Already as a child, Assistant Professor Arno Solin wanted to build smart robots
Over the years, his childhood enthusiasm with programming and mathematical models was developed into research in real-time machine learning and sensor fusion.
What type of research do you do?
I study real-time machine learning models, time-dependent models and sensor fusion, i.e. the merging of information from various sensory sources. Smart phones, for instance, contain many cheap sensors and the sensory data includes noisy information. In my research, I endeavour to combine and process this sensory information in real time.
The machine learning methods that I study are similar to signal processing, and the real-time sensor fusion can be applied to, for example, brain imaging. An MRI device produces data that is time varying, and these methods can reduce the disturbing noise.
I am conducting collaboration projects in both the academic world and the industry, the latter focusing mainly on indoor mapping. I can apply sensor fusion to provide real-time localisation data of the movements of a mobile device, for instance in a shopping centre or an airport.
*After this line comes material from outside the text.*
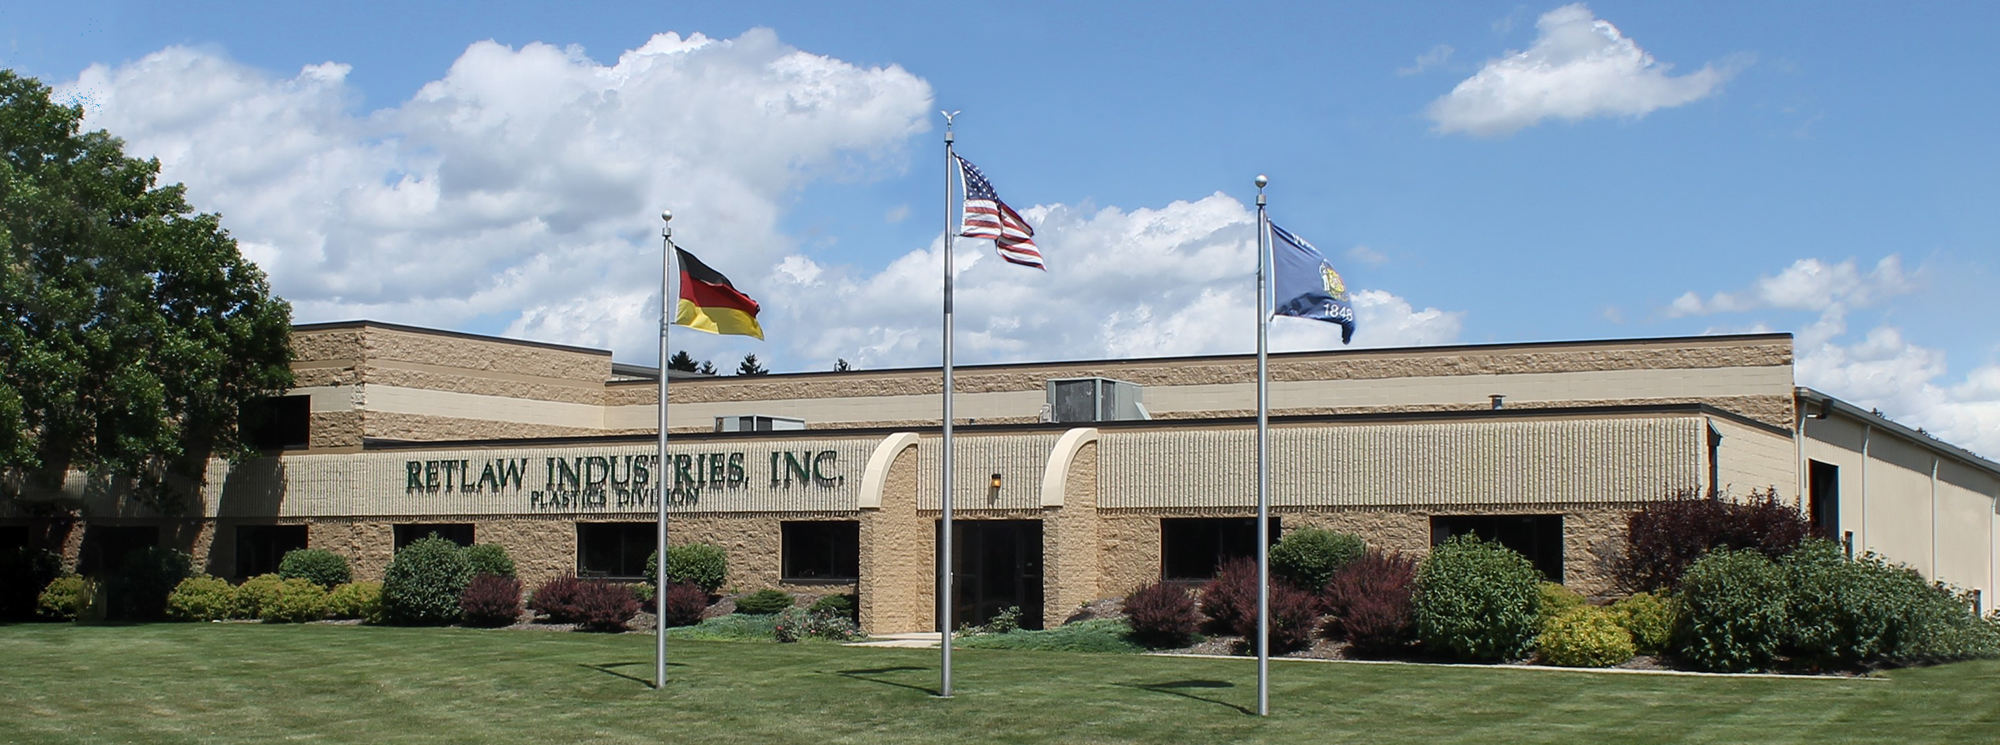 Retlaw Industries Inc Plastics Division Serving Wisconsin & the United States

Aalto possesses strong research and synergy in this field in the form of, for instance, Professor Aki Vehtari’s Bayesian statistical modelling and Professor Simo Särkkä’s signal processing research. We will publish a book with Särkkä in November on stochastic differential equations. The book is suitable for use as a practical course book, or for independent studies.
How did you become a researcher?
Ever since I was little, I have wanted to experiment and make new and exciting discoveries. We have many researchers in my family, and I have always been interested in an academic career. Therefore, a career as a researcher has always been the obvious choice, both for myself and others.
I have been fascinated by technology, programming and mathematical models already in my childhood. I spent a lot of time in my father’s workplace, in Åbo Akademi University’s particle accelerator laboratory. I was extremely interested in all sorts of gadgets. I built particle accelerators out of cardboard boxes, satellites of junk parts, and eventually robots, to which I soldered electronic components. When the robots did not do anything by themselves, it became necessary to develop computation and intelligent algorithms.
The sparked interest was supported by the fact that I received my comprehensive and upper secondary education in a Steiner School. The school supported an open-minded attitude towards research and the invention of new creative solutions.
What are the highlights of your career so far?
The professorship is, of course, a wonderful thing. During my career I have also received several inspiring awards, including a 2014 Kaggle award in machine learning. However, my best experiences are of projects in which I have had the honour of co-operating with brilliant researchers. For example, many hackathon experiences and family tree research projects with Eric Malmi have been great.
What is the most essential characteristic of a researcher?
A researcher can never settle for an existing situation; instead, researchers must always be interested in renewing their own research. Discovering something new also means discovering new challenges.
What do you expect from the future?
Exciting new projects are emerging constantly. As an example, I could mention sensor fusion related to augmented and virtual reality, for instance, when combining the camera image and motion data related to computer vision.